Auditor General DePasquale Critical of Missing Details on $8.7 million Transportation Costs in Greater Johnstown School District
Cost to Local Taxpayers to Cover Transportation Soared 266 Percent in Five YearsAuditor General DePasquale Critical of Missing Details on $8.7 million Transportation Costs in Greater Johnstown School District
Cost to Local Taxpayers to Cover Transportation Soared 266 Percent in Five Years
JOHNSTOWN, PA (Dec. 20, 2013) — Auditor General Eugene DePasquale today criticized the Greater Johnstown School District, Cambria County, for being unable to justify $8.7 million in transportation reimbursements received over 10 years.
In the latest audit covering the 2008-09 and 2009-10 school years, the district did not maintain documentation supporting$2.3 million in state transportation reimbursements. The district has not provided documents to support the accuracy of $8.7 million in transportation reimbursements since the 2002-03 school year. As a result, auditors have been unable to verify if the district received the correct amount of state reimbursements for four consecutive audits.
“Despite repeated promises, school officials failed to fix chronic problems with the lack of transportation documentation identified in four consecutive audits,” DePasquale said. “We keep warning them and warning them to address this. Yet they have done very little. This is very troubling because taxpayers deserve to have a full accounting for every dollar.”
DePasquale said he was also concerned the district continues to spend more than the state reimbursement for transportation costs, leaving taxpayers to absorb the difference.
Auditors found district taxpayers paid a $3.9 million difference between state reimbursements and a private contractor’s transportation costs over a five-year period, starting in 2005. In that five-year span, the transportation contractor’s costs increased by approximately 61 percent; the state reimbursement went up approximately 4.0 percent, and the local share to cover the difference up by approximately 266 percent.
DePasquale recommends district officials solicit competitive bids for transportation, ensure supporting documentation is maintained and verify the accuracy of transportation related data it receives.
“Taxpayers in the greater Johnstown area are getting clobbered.
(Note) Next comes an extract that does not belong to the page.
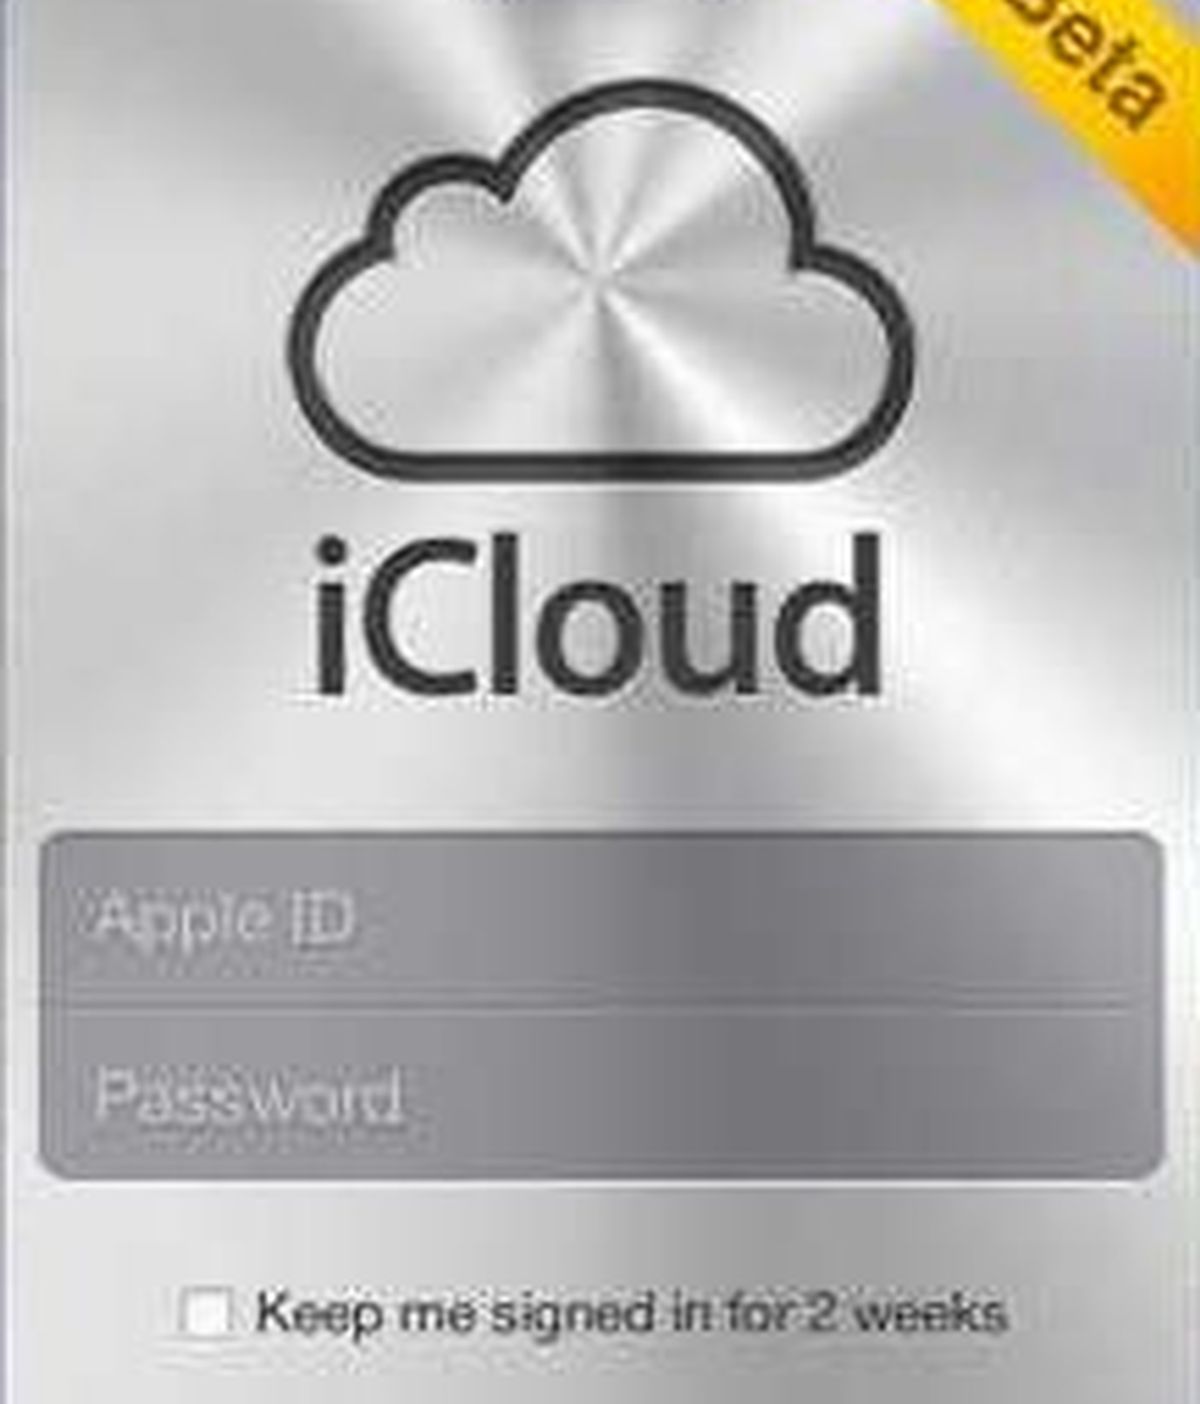 Apple ha anunciado que el 12 de octubre estará disponible iCloud, un paquete de servicios en la nube que integra, entre otros, iTunes en la nube, fotos en 'streaming' y documentos.

The district needs to do everything it can to ensure that as much funding as possible is going into classroom education,” DePasquale said.
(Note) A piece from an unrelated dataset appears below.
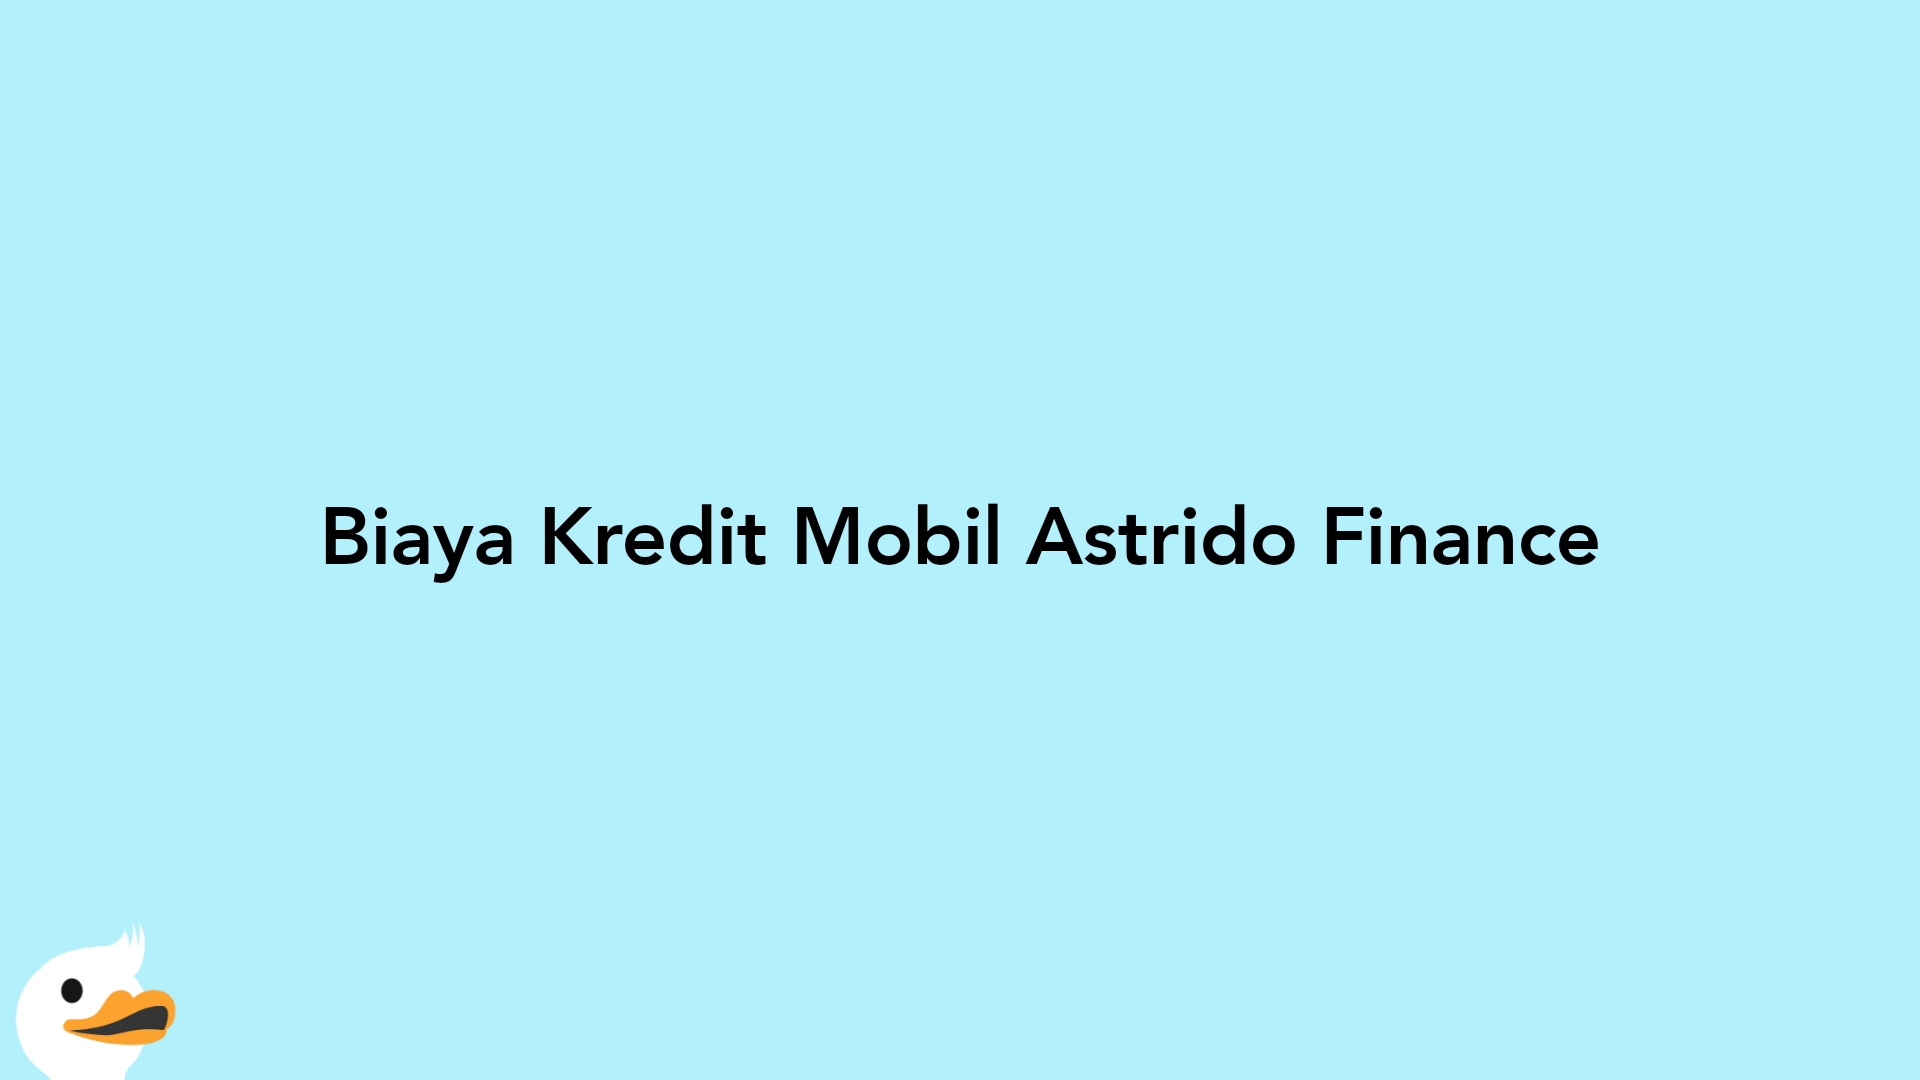 Biaya Kredit Mobil Astrido Finance

The Greater Johnstown School District provided basic education to 3,212 students and employed 232 teachers, 99 full- and part-time support personnel and 19 administrators in the 2009-10 school year when it received $23 million in state funding.
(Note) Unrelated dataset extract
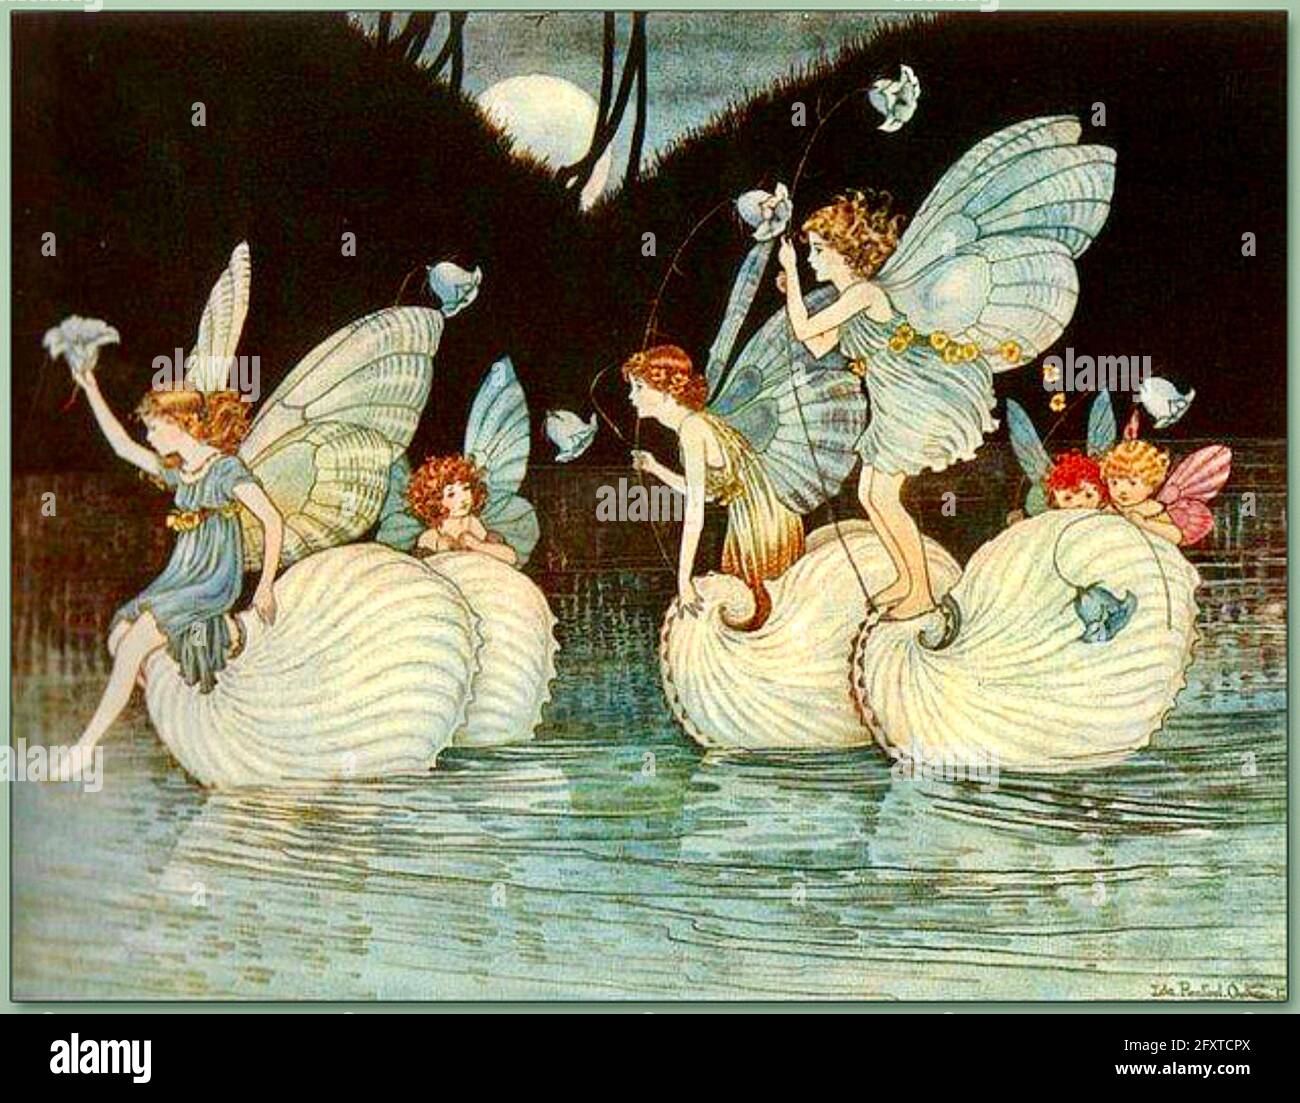 IDA Rentoul Outhwaite - Fairy Islands dans le livre Elves and Fairies - 1916 Banque D'Images

The Department of the Auditor General’s Bureau of School Audits examines the records of school districts, charter schools, intermediate units, and area vocational-technical schools. The audits assess whether school entities received the state subsidies and reimbursements to which they were entitled, accurately managed taxpayer funds, and complied with ethics codes. The audits also determine whether teachers and administrators were properly certified for the positions they held during the audit period.